Crown control arms

RedTJ

TJ Enthusiast
Joined
Dec 21, 2016
Messages
100
Location
Suffolk, VA, United States
I began getting death wobble when I hit bumps at highway speeds. I replaced the front track bar which solved the death wobble, but I still got a shimmy when I hit bumps on the highway. The tires are well balanced and the Jeep does not vibrate. Based on the age of the Jeep and what I have read on this forum, I decided to replace the front control arms. I ordered a Crown front control arm kit that included both upper and lowers from Morris4X4.

Two weeks ago I replaced the lowers and immediately noticed a big improvement. The shimmy was almost completely gone. This last weekend, I replaced the uppers and noticed that the shimmy had returned and was much worse than before.

One detail that may be important. When I was torqueing the upper control arm on the driver's side, the torque wrench never clicked and I kept tightening. It didn't feel all that tight, but the control arm bolt on the axle side with the weird head snapped. I replaced it with an equivalent metric bolt and nut that fit snuggly through the bushing on the axle and the holes in the control arm.

This morning I crawled underneath it hoping that maybe I did something stupid like forgetting to tighten one of the control arm bolts, but no such luck. Everything is tight so I picked my old control arms out of the garbage. Even at 15 years old they seem to be better than the Crowns.

I'm wondering if anybody has any experience with stuff from Crown either good or bad and any ideas on what, if anything, I may have screwed up.

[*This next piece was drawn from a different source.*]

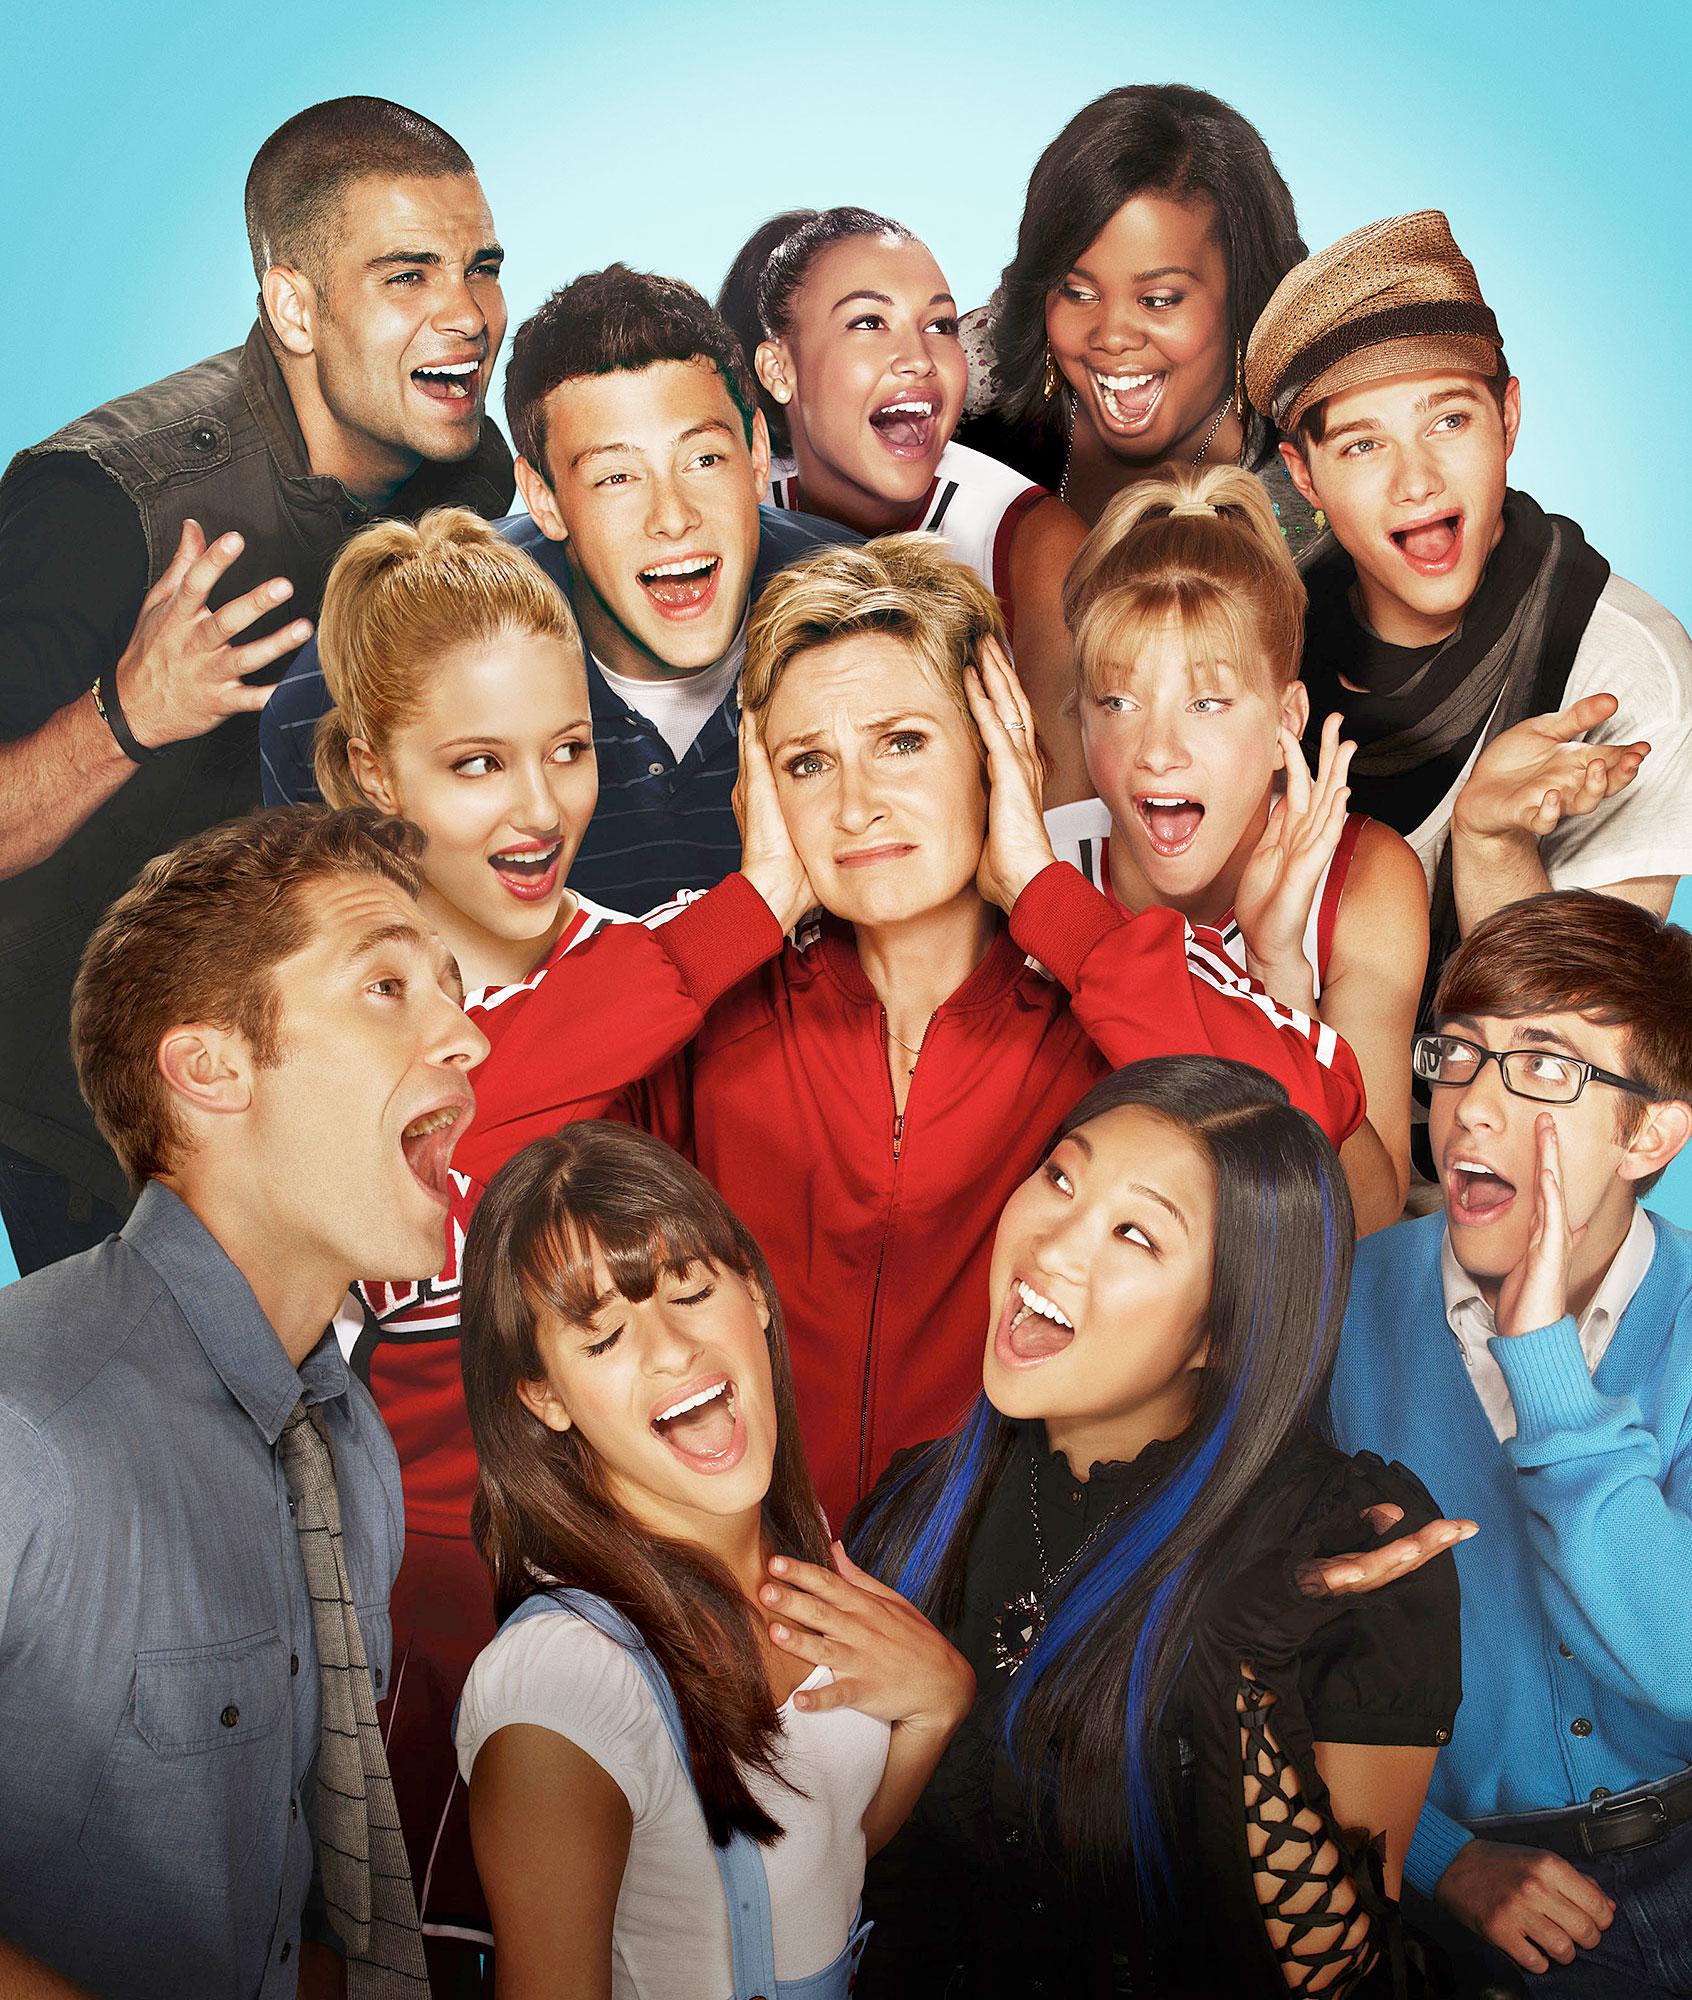 'Glee' Cast Organizes Fundraiser in Late Costar Naya Rivera's Memory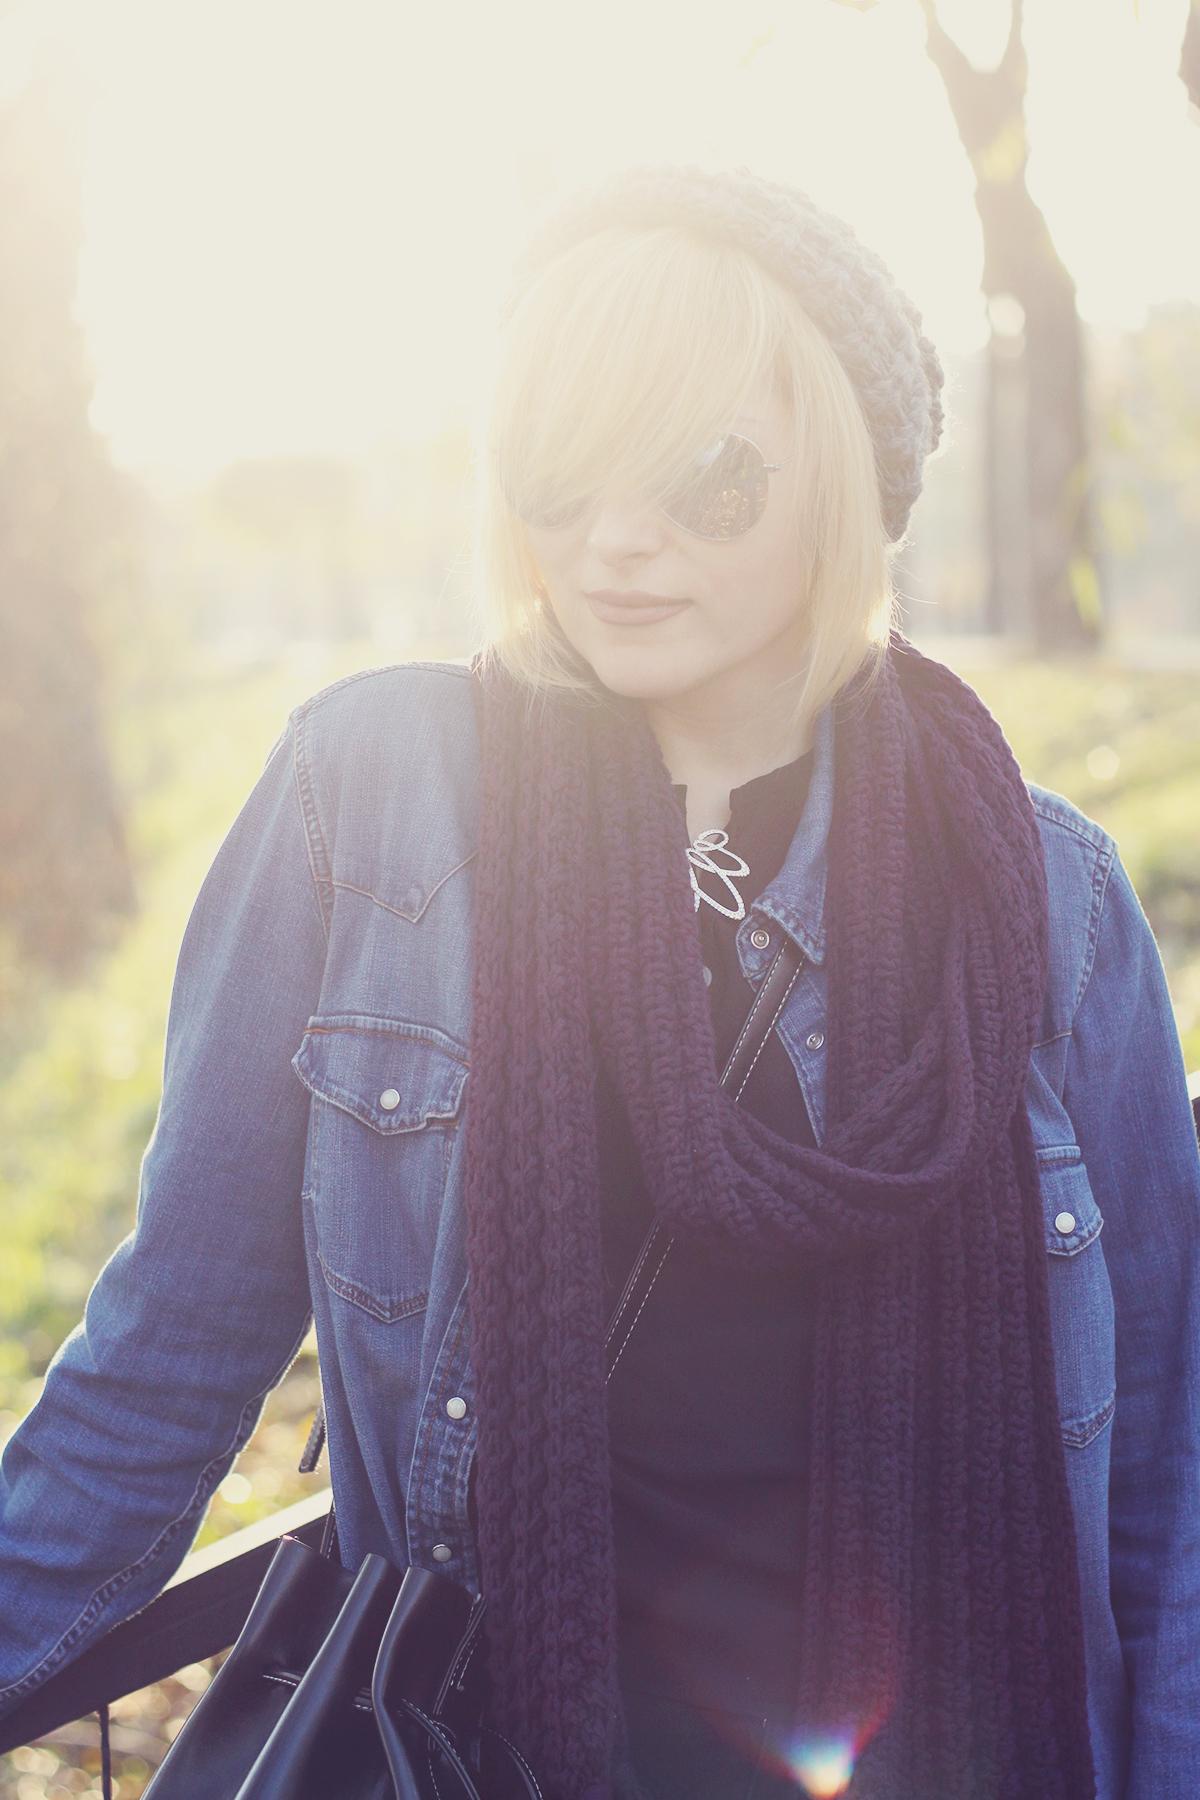 autumn, denim shirt,swarovski vintage brooch, knitted scarf and boho hat, fashionmia black top, bucket bag, aviator mirror sunglasses, blonde bob

2002 Wrangler X, 4.0L, auto trans. This Jeep is completely stock. No body or suspension lift. Even wear on tires and drives straight.
 
Crown stuff is usually pretty good. I don't have crown control arms but I've had parts from them and haven't had any issues and have been satisfied. Couldn't tell ya what you messed up but I bent both my lower front mopar ones on some rocks. Wished I had skids for th control arm mounts about 3 seconds later.

As long as you used a 10.9 or grade 8 bolt that was the same size there shouldn't be any issue replacing it. I've done the same thing and had no issues.

I'm getting really bad shaking of the steering wheel and dash after lifting, mml, body lift and adding adjustable track bars. I was told to have tires balance. Apparently it is easy to knock them out of balance. I'd reccomend to do the same. Having mine done tomorrow :) hoping it doesn't shake anymore it's annoying.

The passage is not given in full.